## Source data
↓

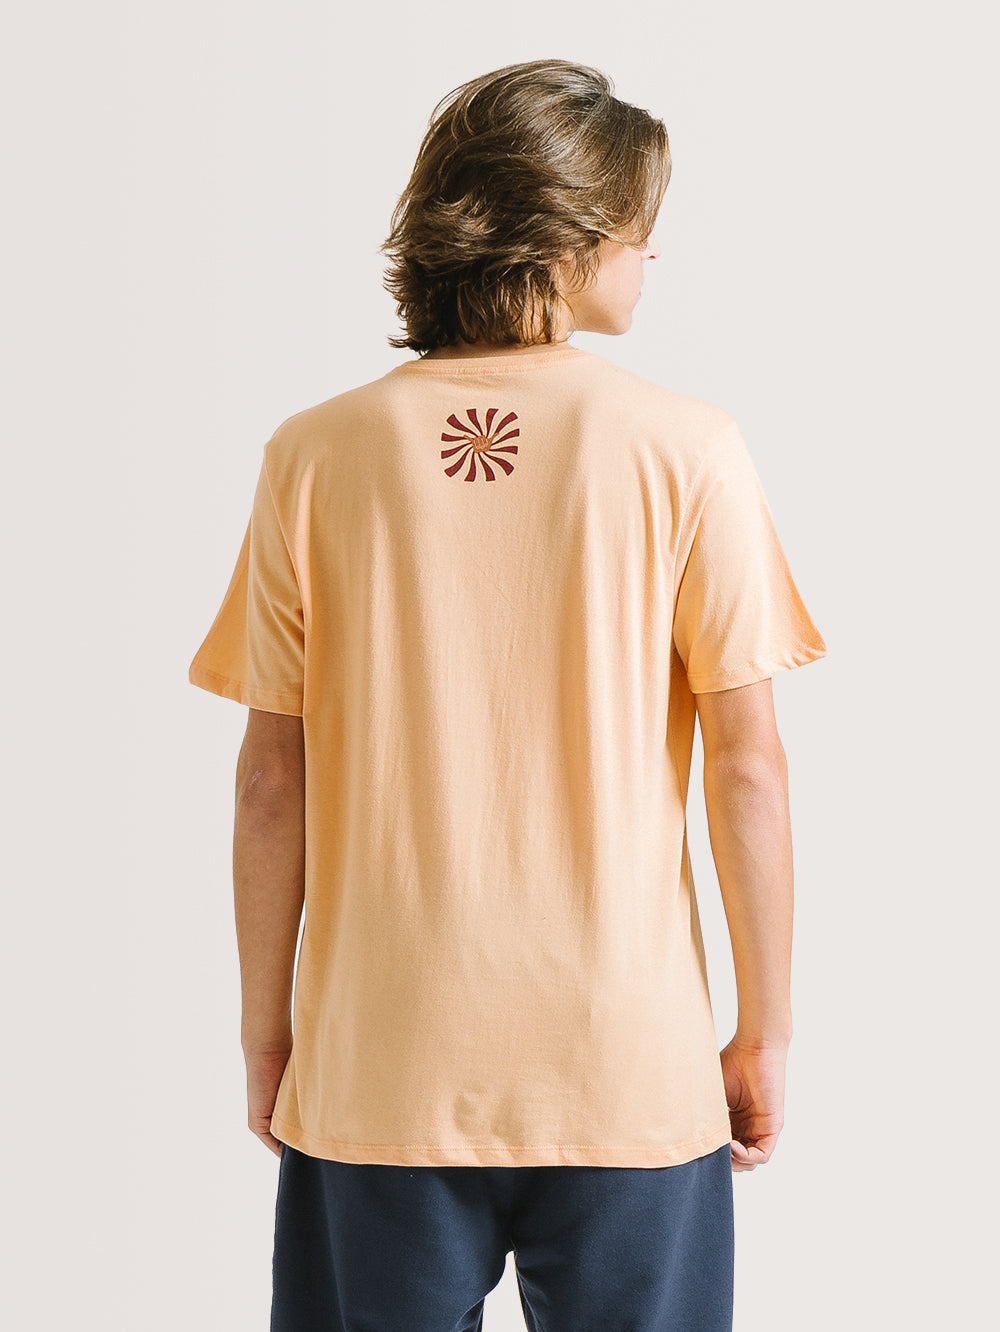 Camiseta Hang Loose Hypno Coral
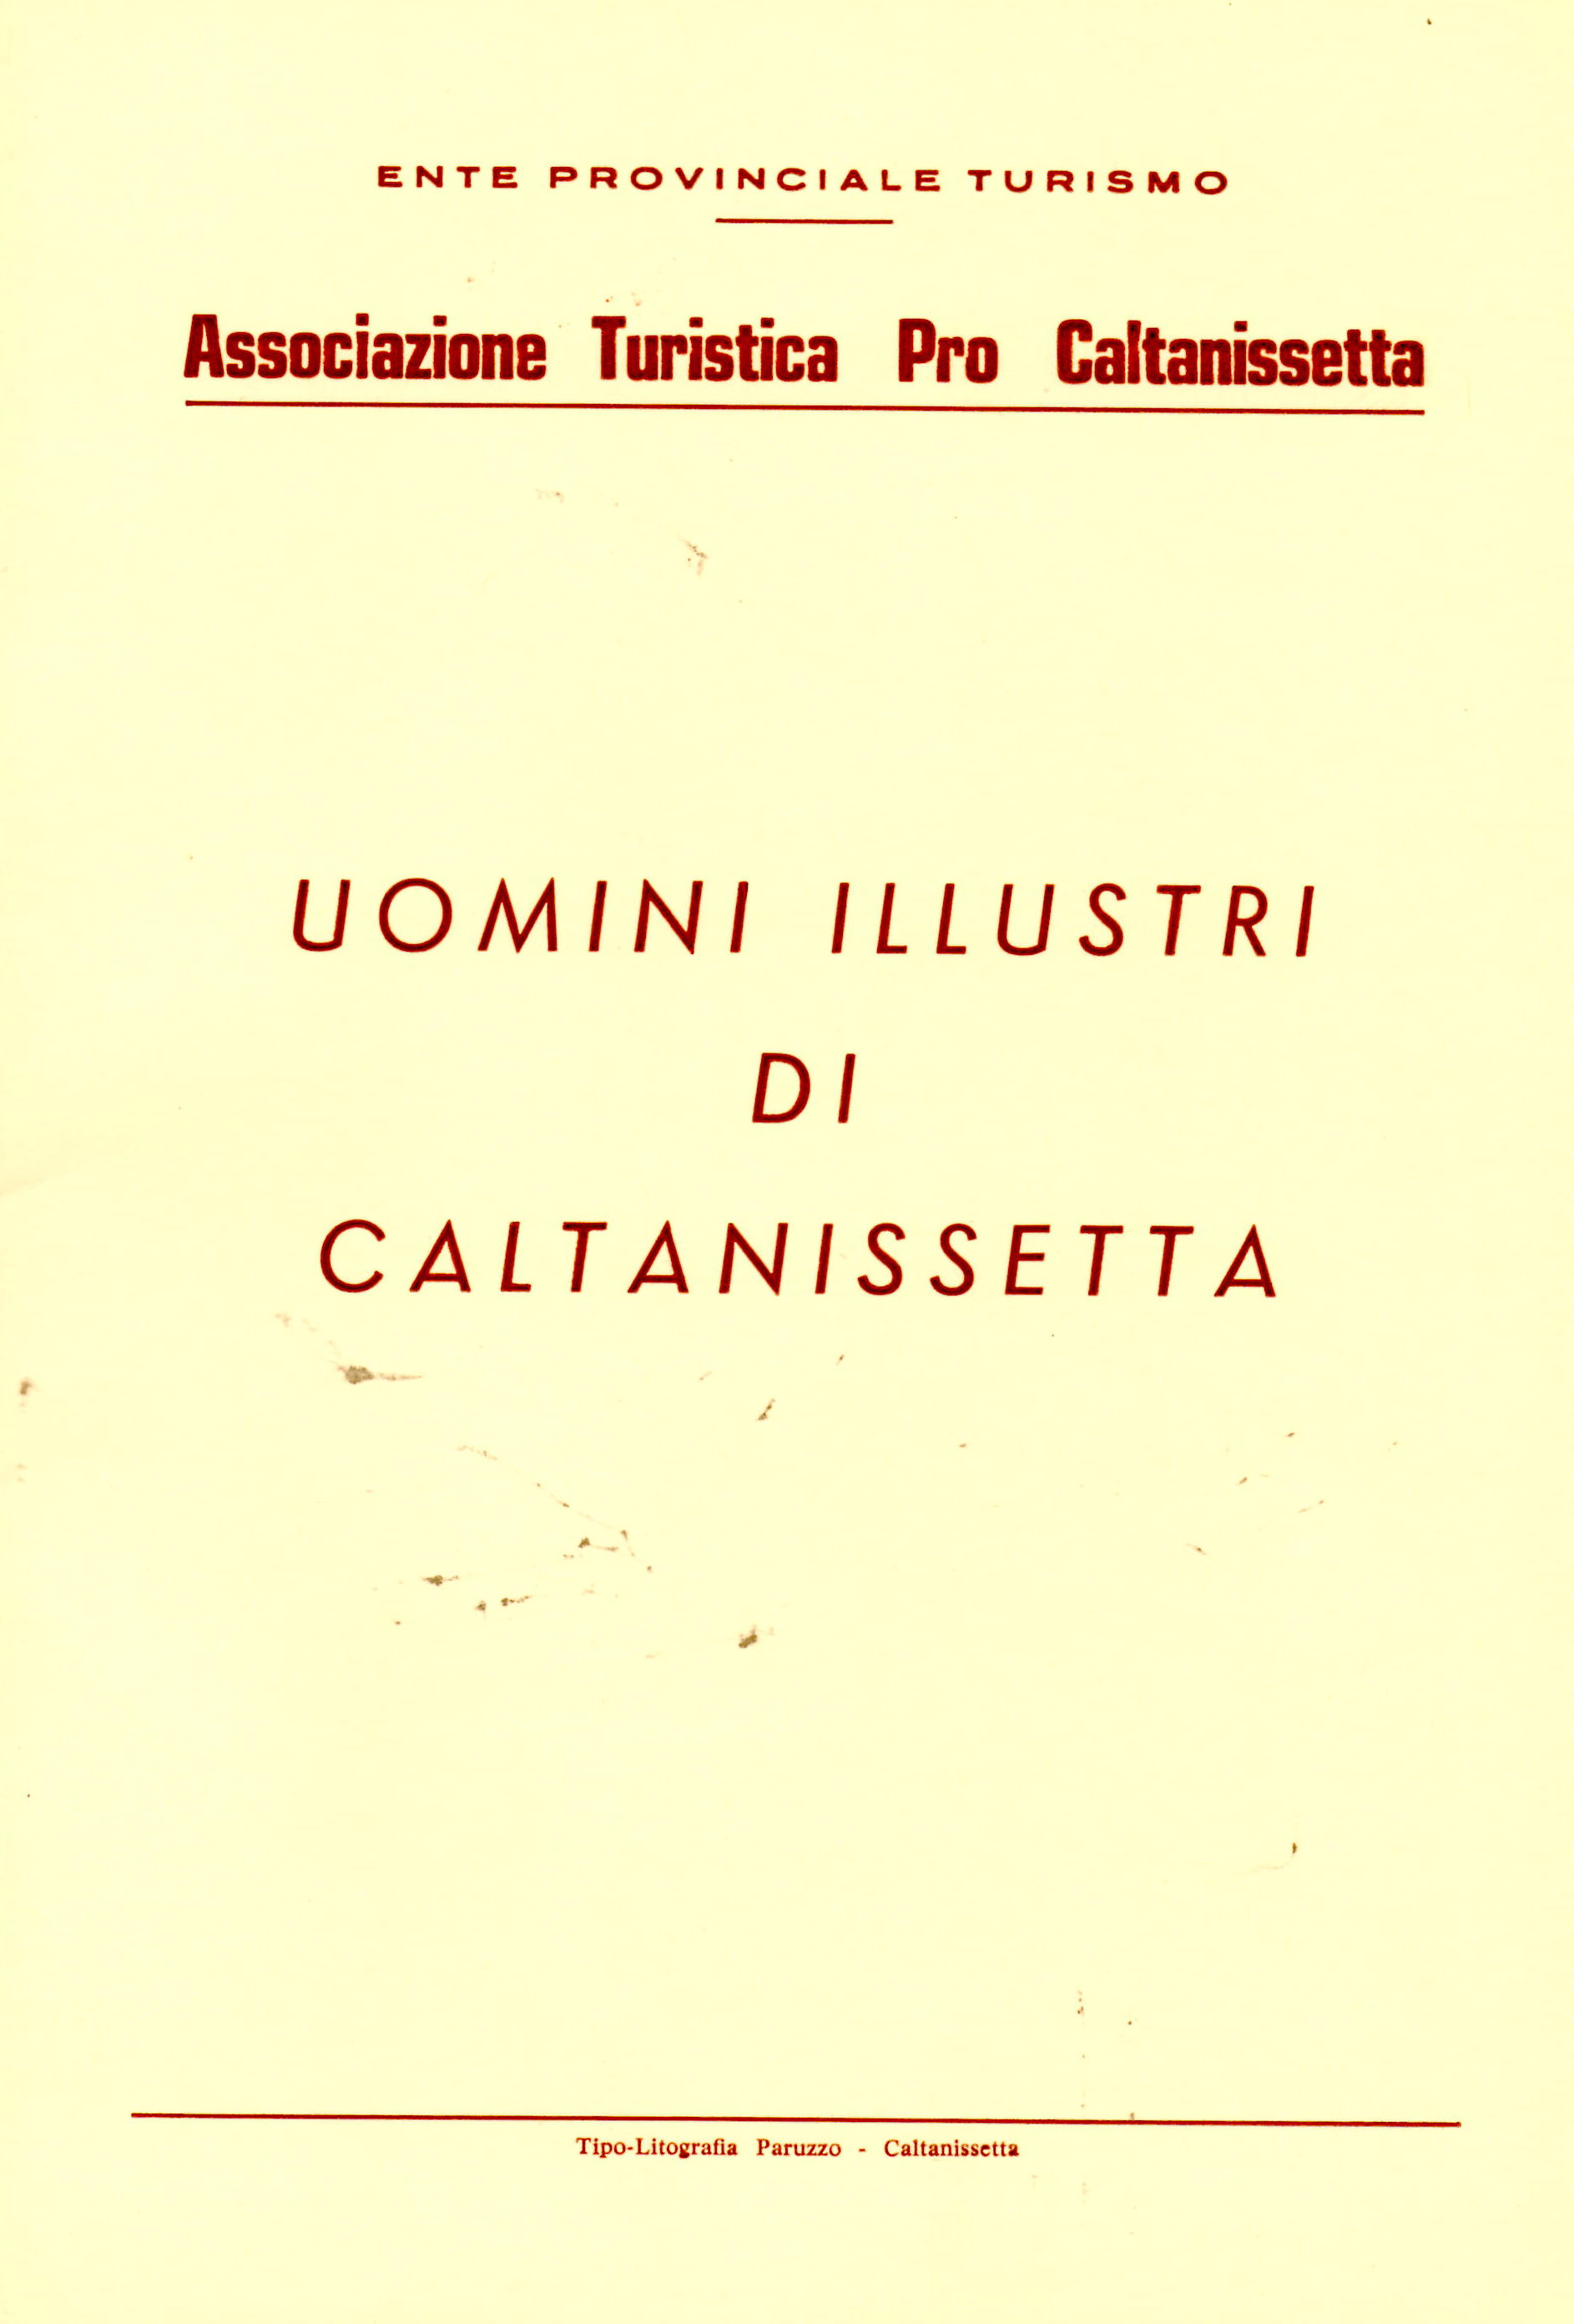 Caltanissetta - 1979.jpg
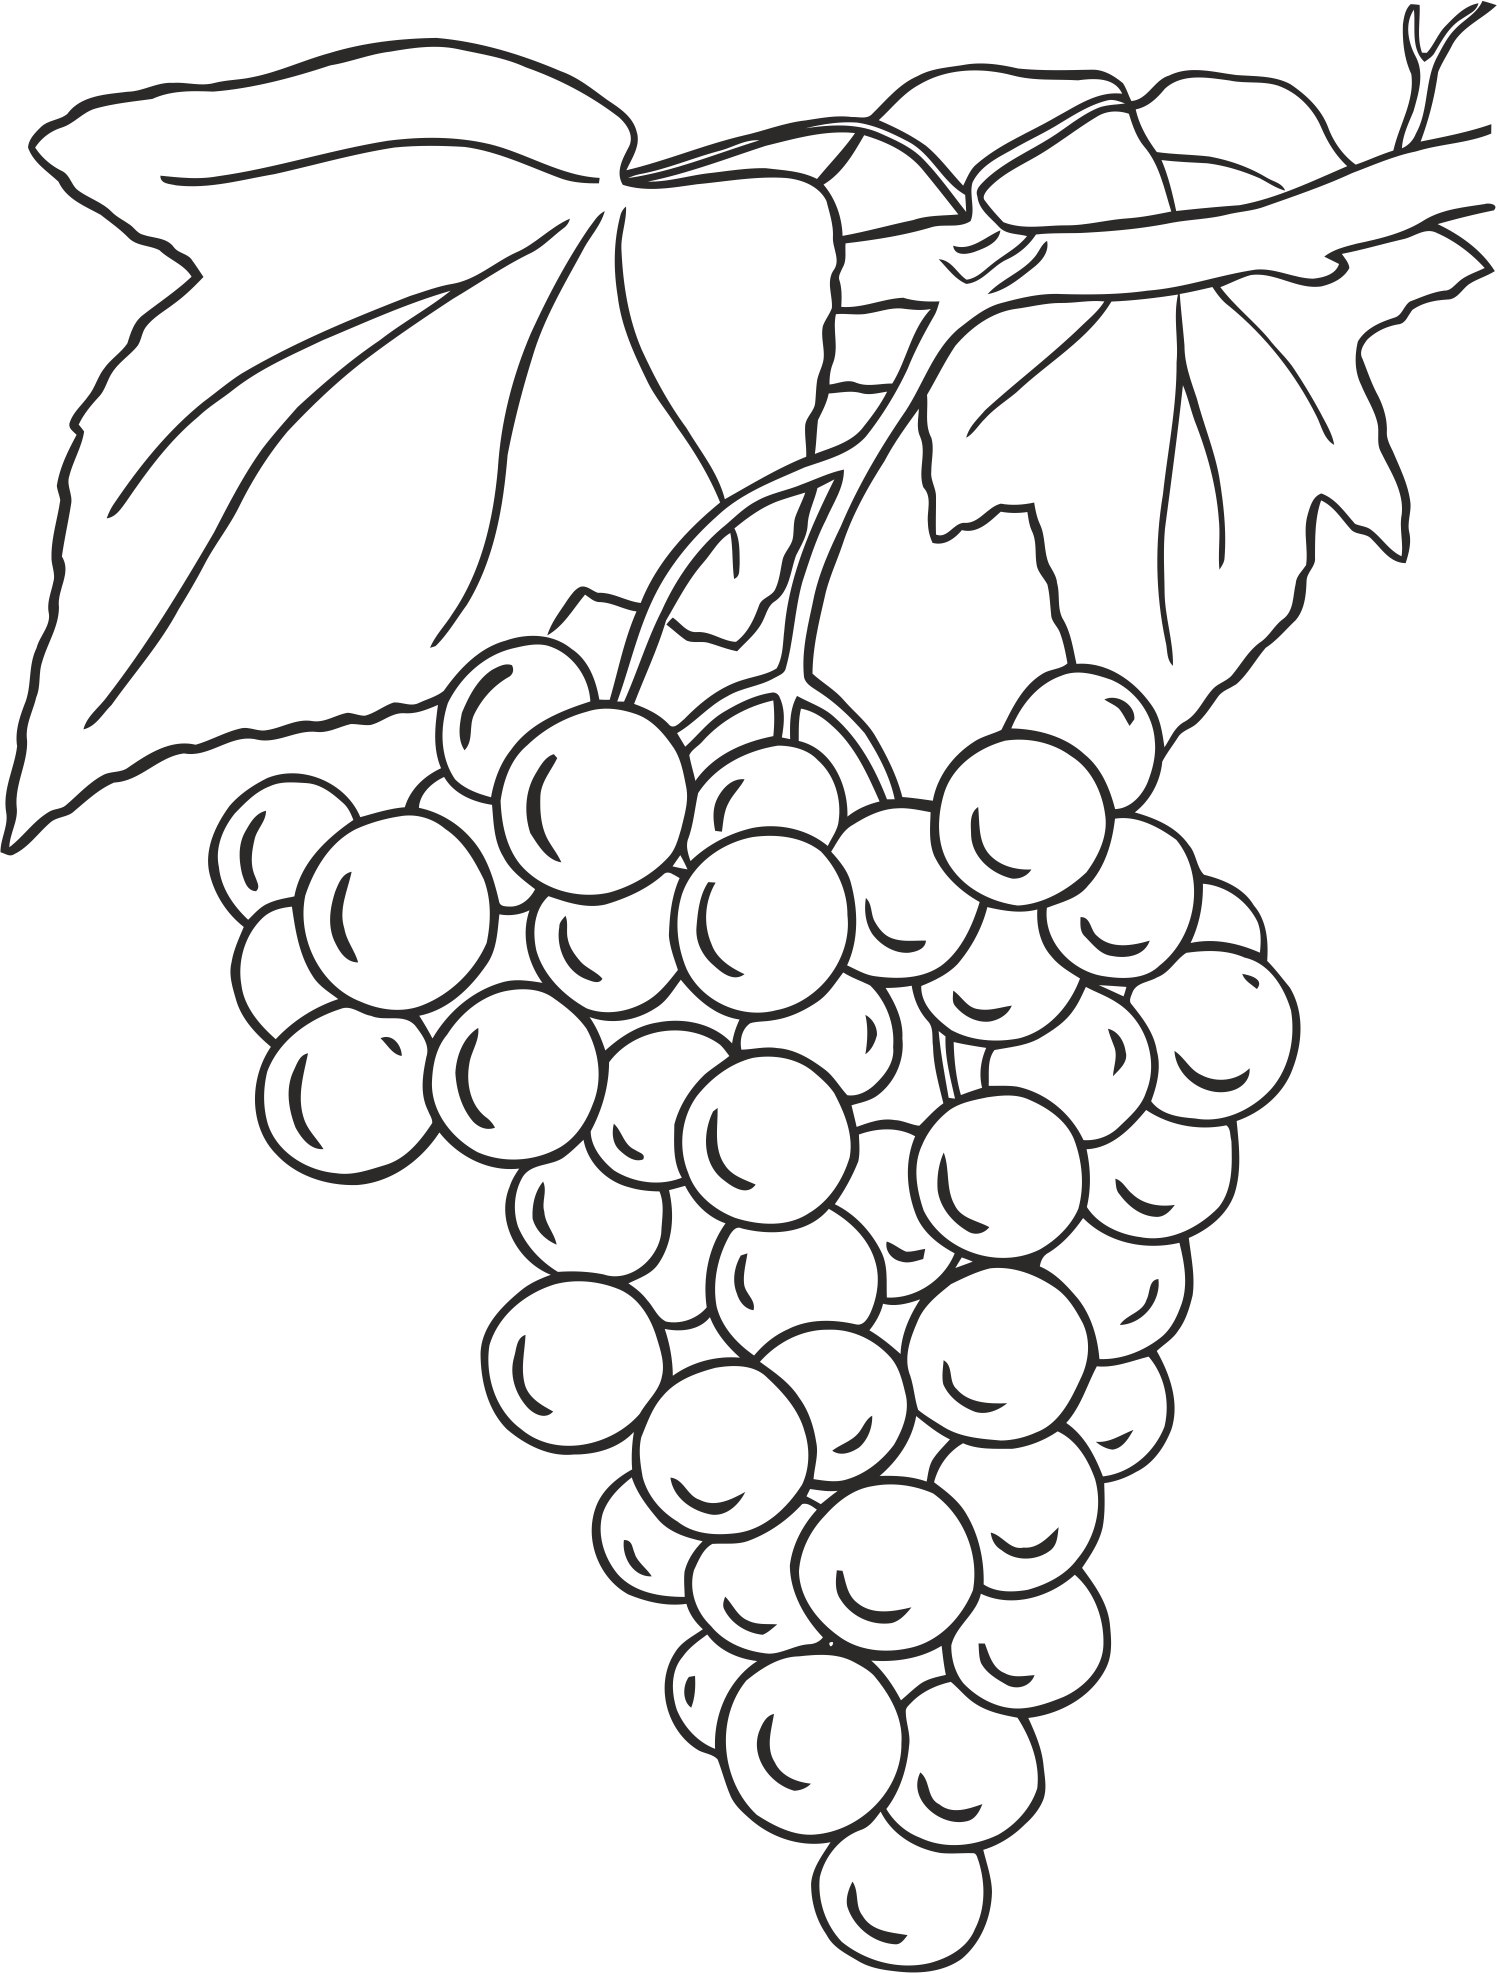 Diseño de uvas

↑

Keep every word of the lines above unchanged in the copy, and omit the pictures.

 Camiseta Hang Loose Hypno Coral
 Caltanissetta - 1979.jpg
 Diseño de uvas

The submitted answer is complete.